Open Table mission team members from Sts. Peter and Paul Parish support Ricketts through weekly meetings, providing resources to meet his goals. The family atmosphere and support is critical to the success of the program. (COURTESY)

ORLANDO | In the fall of 2017, Catholic Charities of Central Florida was the first Catholic Charities in the nation to partner with Open Table, a national organization that takes a family approach to helping people get back on their feet. One and a half years later, nine parishes have held more than a dozen tables in the Diocese of Orlando – the first diocese to participate. Akin to raising a family, parishes have met the joys and challenges of assisting their brothers and sisters, while serving as Christ to those in need.

The family-based, community approach involves a team that serves as life coaches for a “brother” or “sister”. The volunteers make a year-long commitment to act as encouragers, advisors, guides, and supporters of an individual who has agreed to work with them.

Brother Paul Santoro, OFM, is the mission leader for Open Table at Sts. Peter and Paul Parish in Winter Park. As part of an effort to grow the parish outreach ministry, a team of seven volunteers trained and welcomed Earl Ricketts, a young man in transition from Covenant House, a shelter for youth in Orlando. Ricketts admits meeting “a bunch of people” he didn’t know was overwhelming at first. He said it’s usually hard to open up to people quickly. Yet they gained his confidence and were able to build on his desire to succeed.

“Open Table showed me there are people who can help when there’s nobody to help you. They’ve showed me other people can change the road you’re about to go on by being that role model in your life,” said the 21-year old of his experience. “It changed the way I think about life – saving, being more smart about my money; making sure I plan ahead for certain events and sticking to it.”

The offer to participate in Open Table came to Ricketts after living three years at Covenant House. His family life was difficult. He ended up on the street alone. After a teacher helped him find shelter, he recalls, “I was praying that God would give me some guidance in life. He answered my prayer overnight.” That was when he found Covenant House. By May of 2018, it was time to move on and Open Table seemed like a reasonable option. The team at Sts. Peter and Paul were “more like role models, teaching me, telling me what to do and how to do it. It was more like family,” he said. And that is the goal.

With their guidance, Ricketts is renting a room from a parishioner. He now has a car and is working two part-time jobs, saving for his future. Brother Santoro noted, “The only thing that hasn’t been worked on is his desire to go back to school. He needs to work and build up some resources to be able to do that.” He believes the group’s gender and ethnic diversity – males, females, Latino, Haitian, African American – helped make a difference. It helped give Ricketts people with whom to relate. Like a proud father, Brother Santoro says of Ricketts, “He grew up rather quickly. He learned to take responsibility for his life. He’s been doing well.”

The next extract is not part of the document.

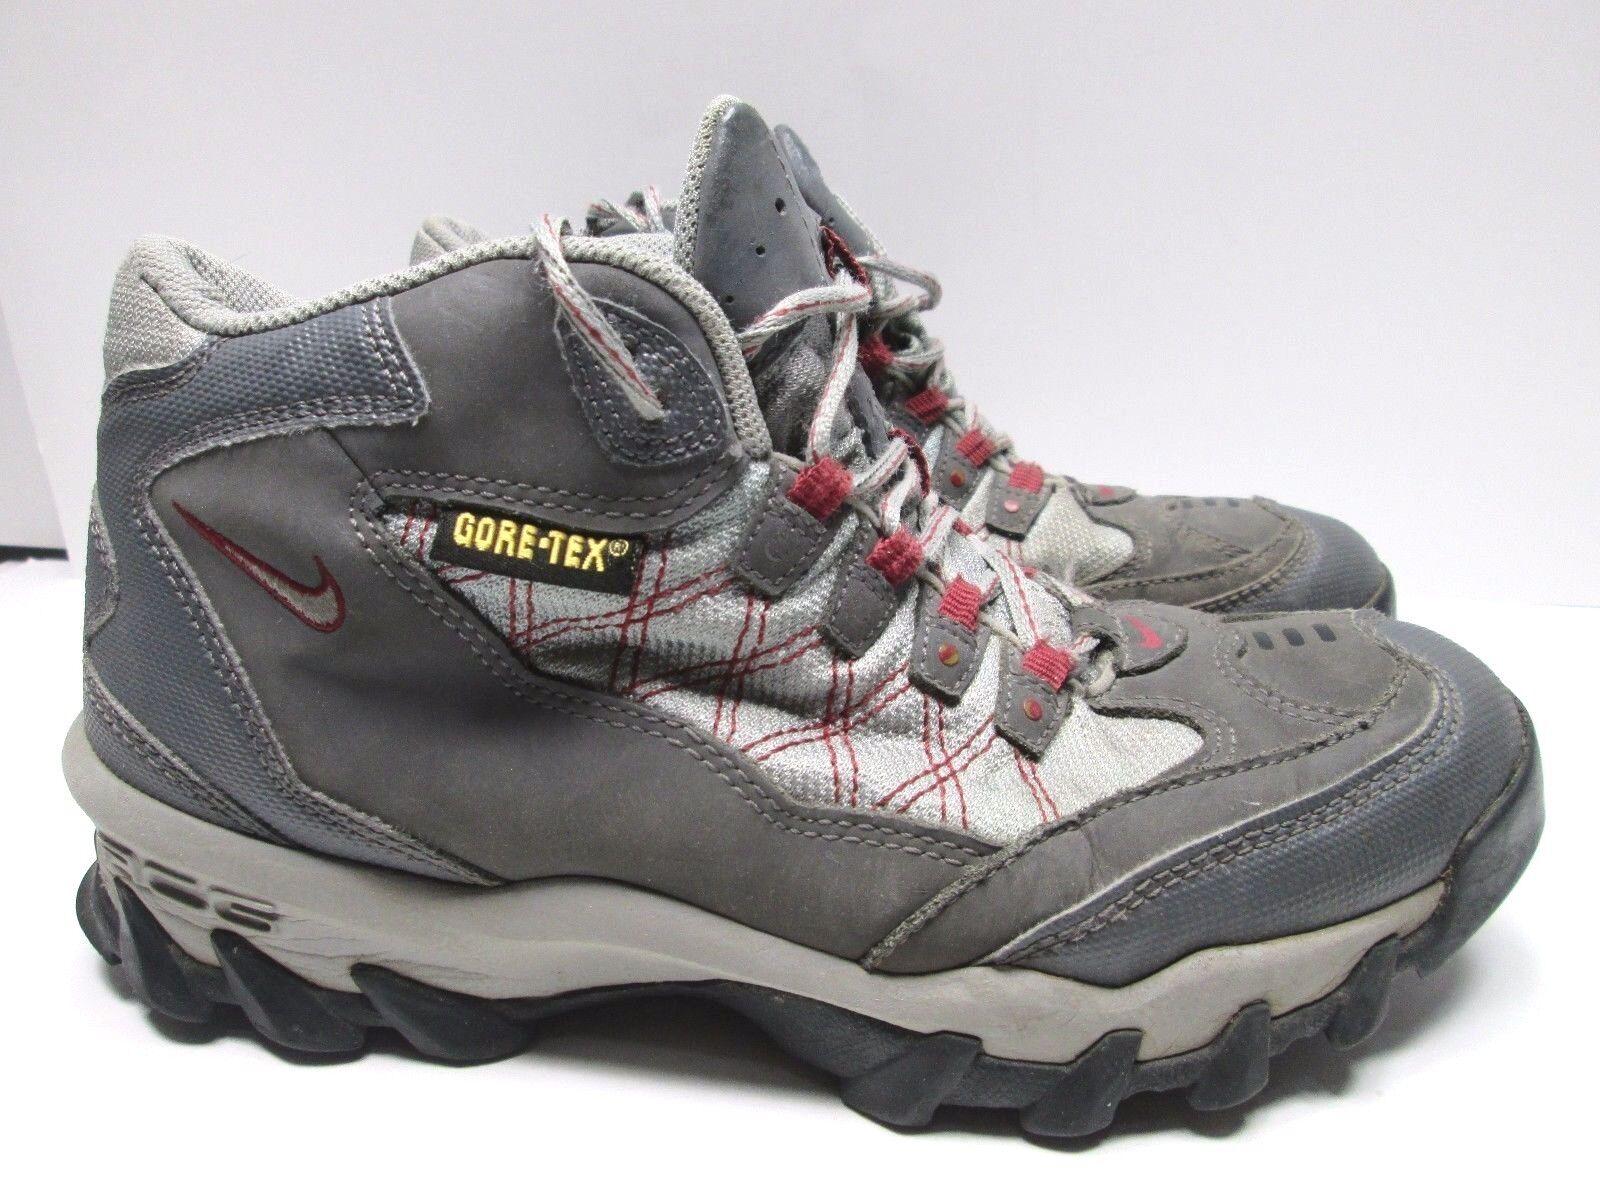 NIKE ACG Tengu Mid Gore-Tex Ankle Boots Gray  WOMENS 8 Hiking Trail

Team member, Gigi Santiago, agreed. “It was rewarding helping someone achieve goals they wanted to set for themselves. He wanted to accept the responsibilities of adulthood.” She added, “We were the body of Christ. We were Eucharist to him. We welcomed him into the community, into our lives. I hope and pray we were the face of Jesus to him in many aspects. A number of the men in our cohort really embraced him and took him in. It really was a community. Isn’t that what Eucharist is, the thanksgiving piece and also being the body of Christ to someone? Bringing that spiritual perspective in while respecting where he was coming from (as he was not Catholic).”

While Sts. Peter and Paul’s team is a classic example of how one would hope things would go, other parishes have faced greater challenges. Patrick Philbin, mission leader at St. Mary Magdalen in Altamonte Springs says success is not measured only in financial independence or gaining shelter. The spiritual progress of dedicated parishioners is also of value.

He acknowledged, “It did not go in the direction most of the members of our team wanted it to, but the effect it had on our team is every bit as important as the effect it had in the individual we worked with. The impact it had on us had to do with how we felt it presented us with an ongoing opportunity to help somebody. We’re all made up of our own experiences, and some of those experiences may have made us look at ourselves and how we approach things.” He noted the fact that some on the table who had “come from other means” were forced to look within themselves to try and understand the candidates’ situation. Philbin said that was a blessing to the team. On the next table, he said they will focus on building the relationship before tackling needs, in order to build trust.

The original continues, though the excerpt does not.